YOUR INSTRUCTIONS: Word for word, copy the line that contains "WASHINGTON - Mount" and each line after it in the data below. Pictures stay out of the copy.

GIVEN MATERIAL:
━━━━

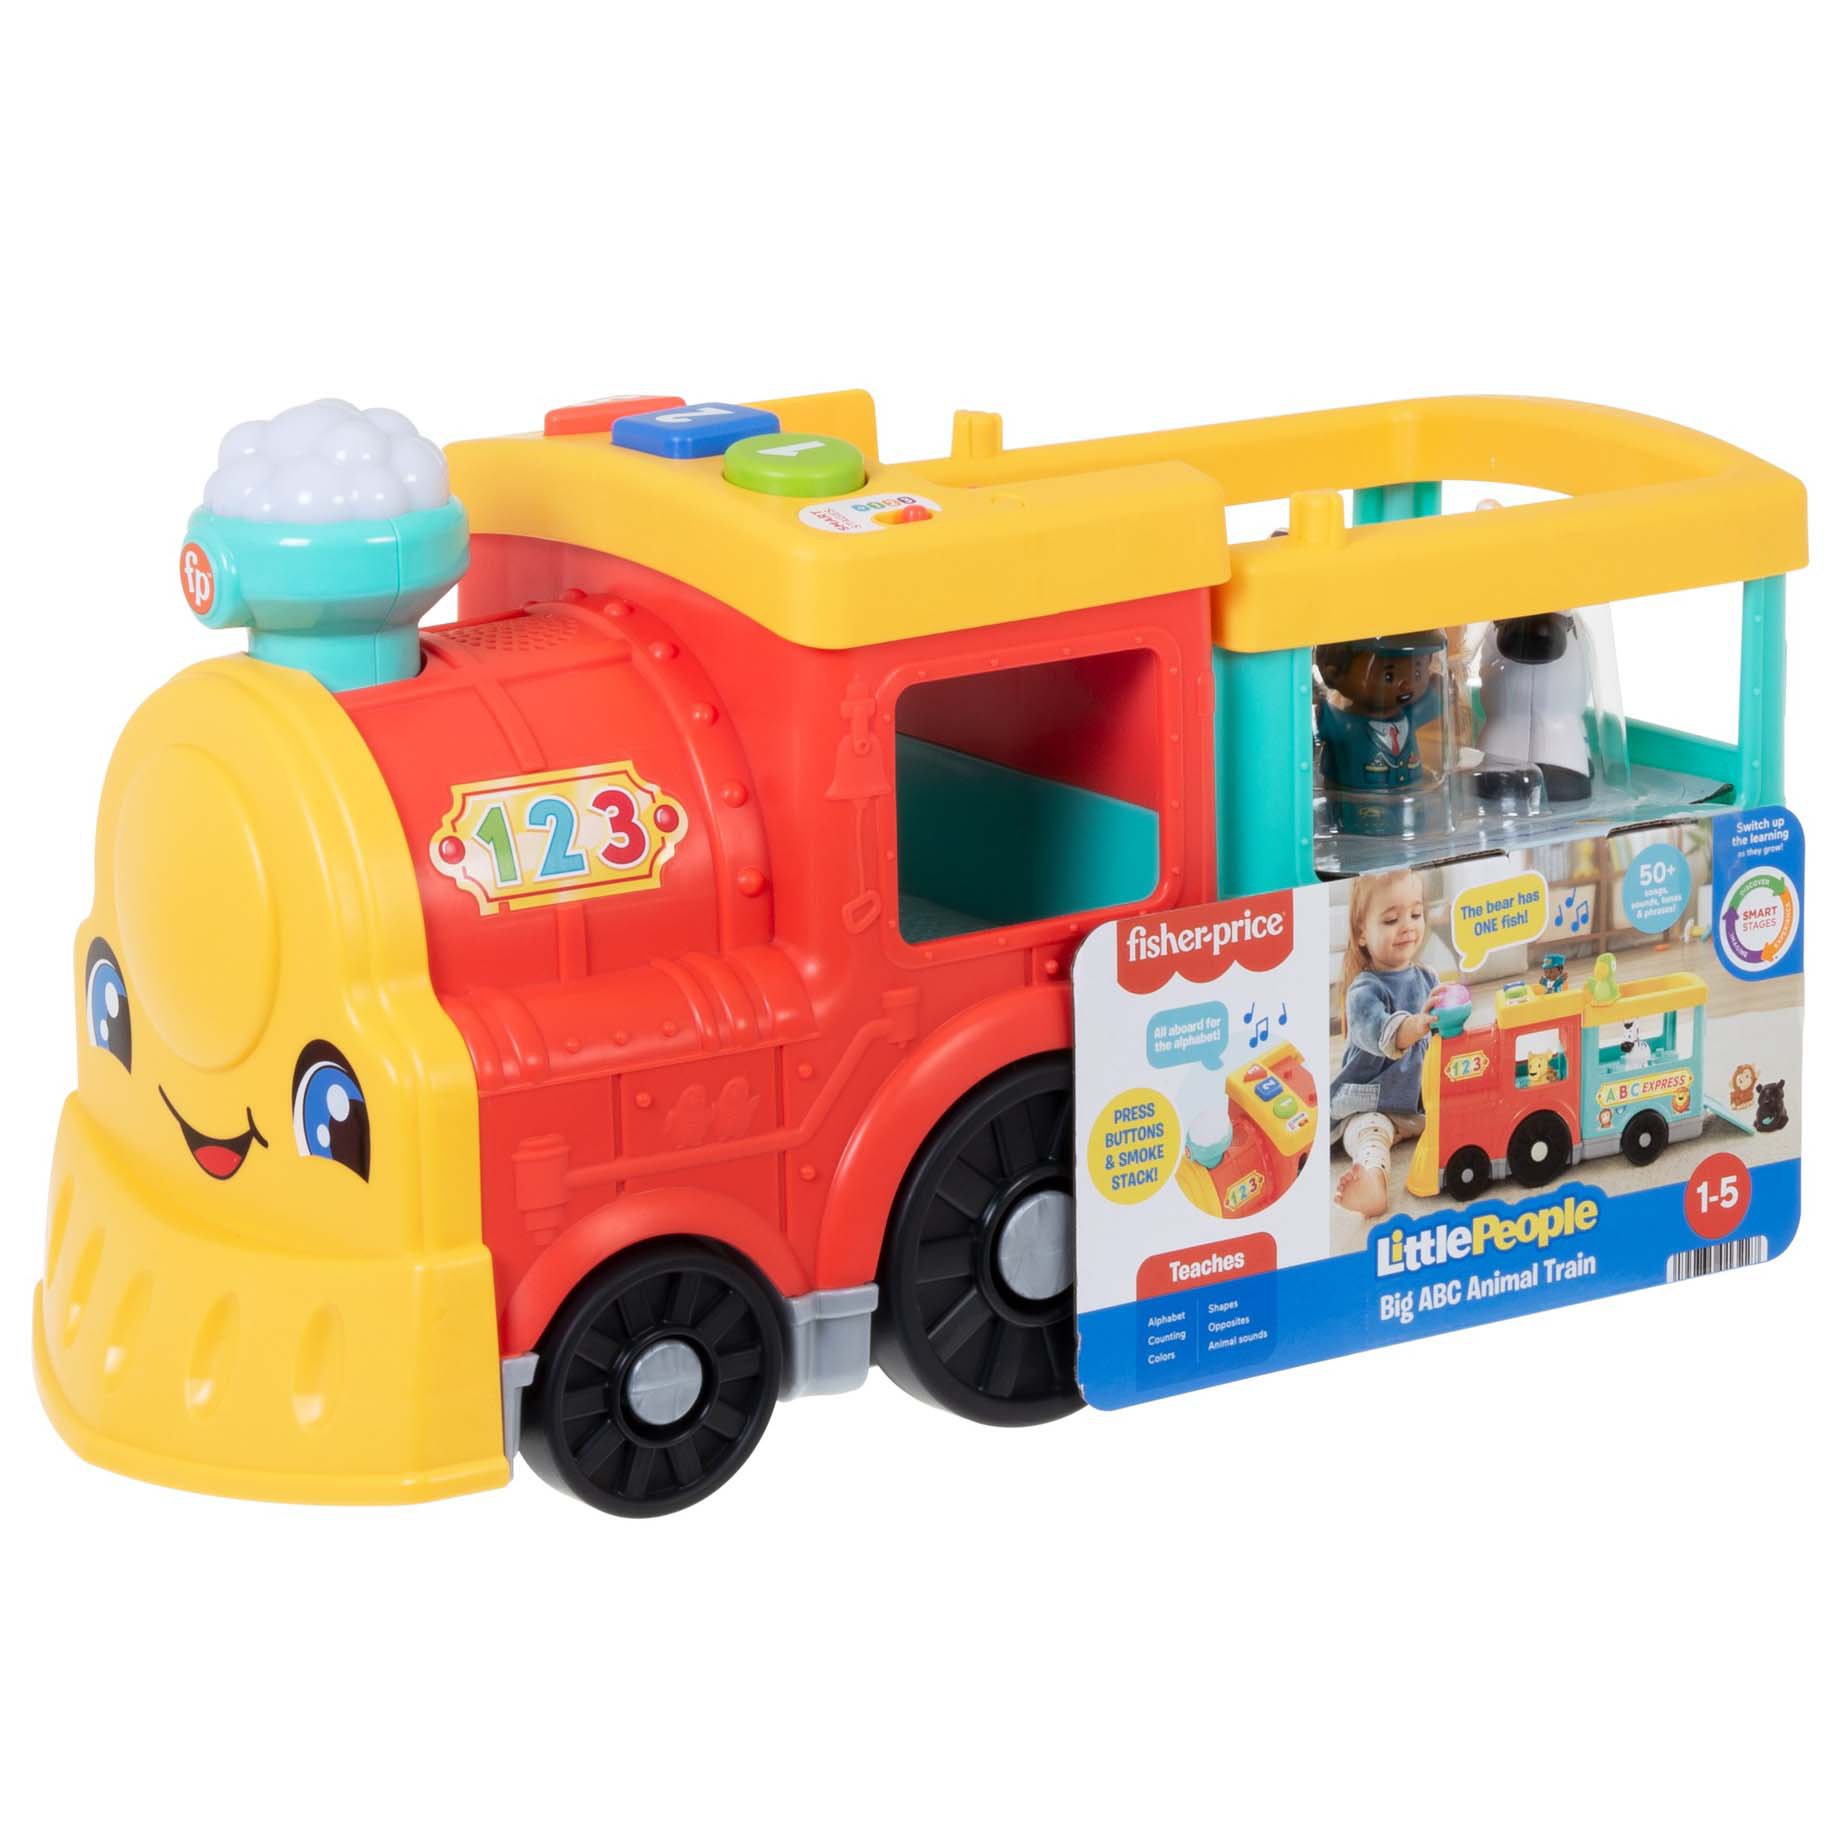 Fisher-Price Little People Big ABC Animal Train - Shop Baby Toys at H-E-B
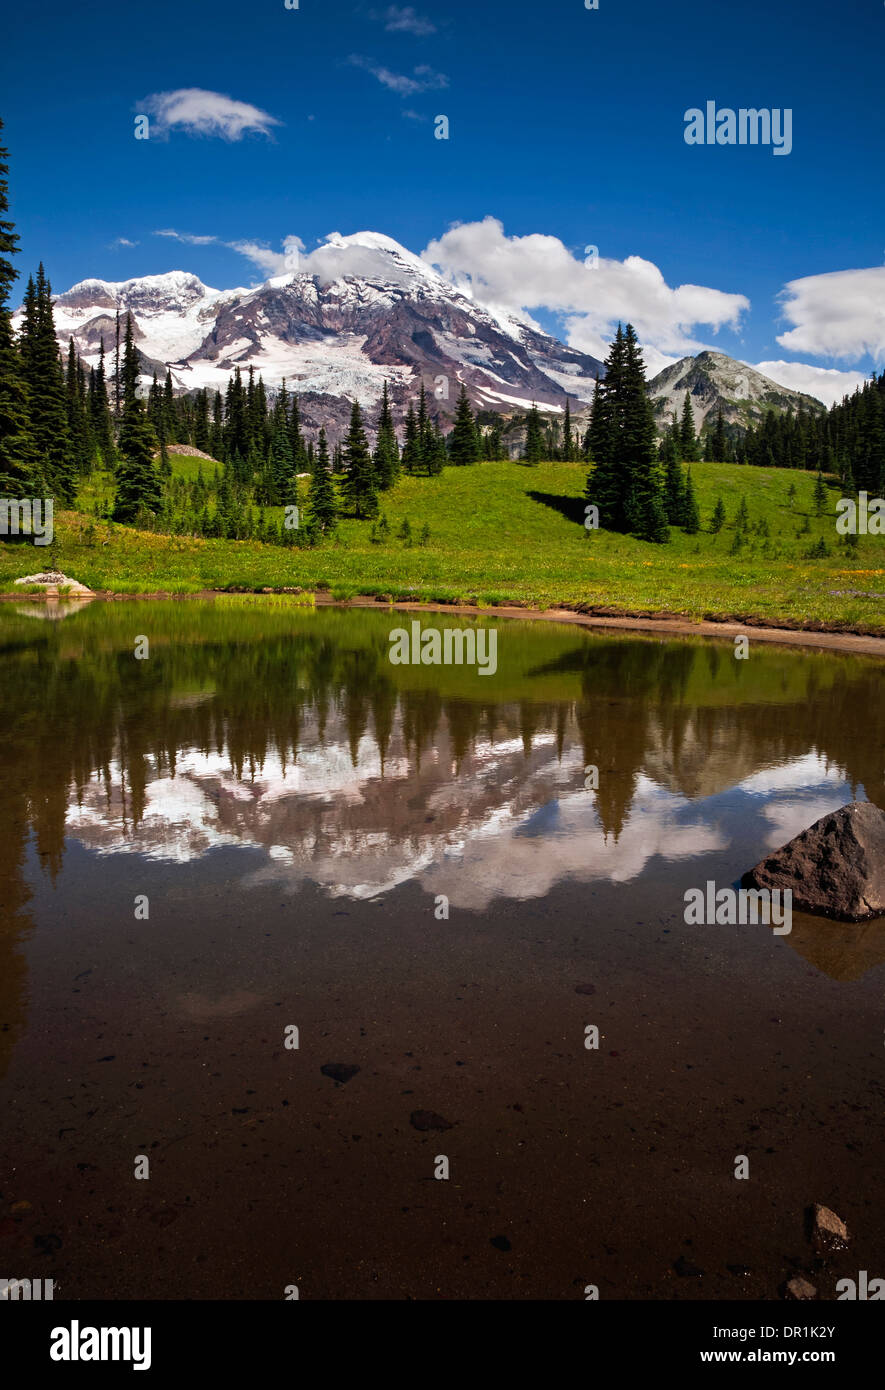 WASHINGTON - Mount Rainier reflecting in a small pond in Indian Henry's Hunting Ground in Mount Rainier National Park. Stock Photo
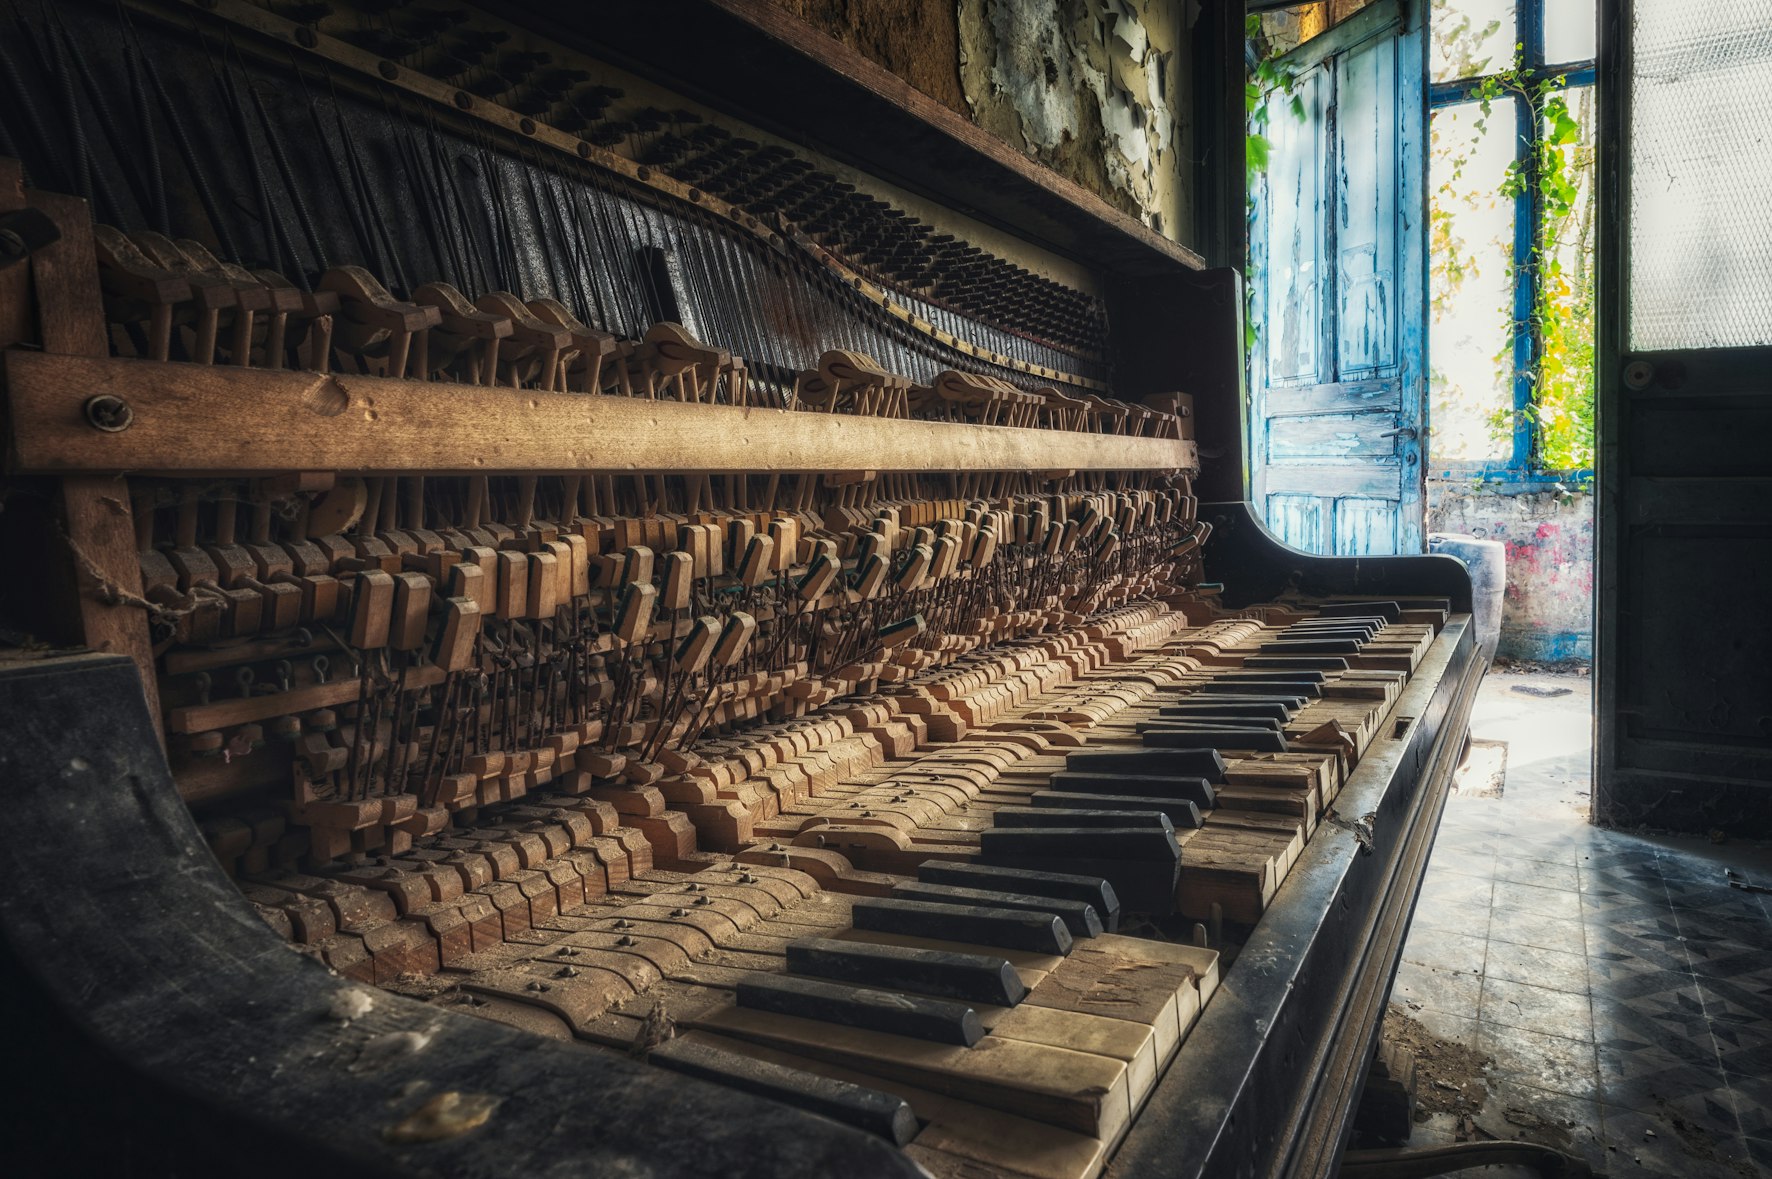 Creepy looking old broken piano with hammers and strings exposed.

━━━━

EXERCISE RESPONSE:
 WASHINGTON - Mount Rainier reflecting in a small pond in Indian Henry's Hunting Ground in Mount Rainier National Park. Stock Photo
 Creepy looking old broken piano with hammers and strings exposed.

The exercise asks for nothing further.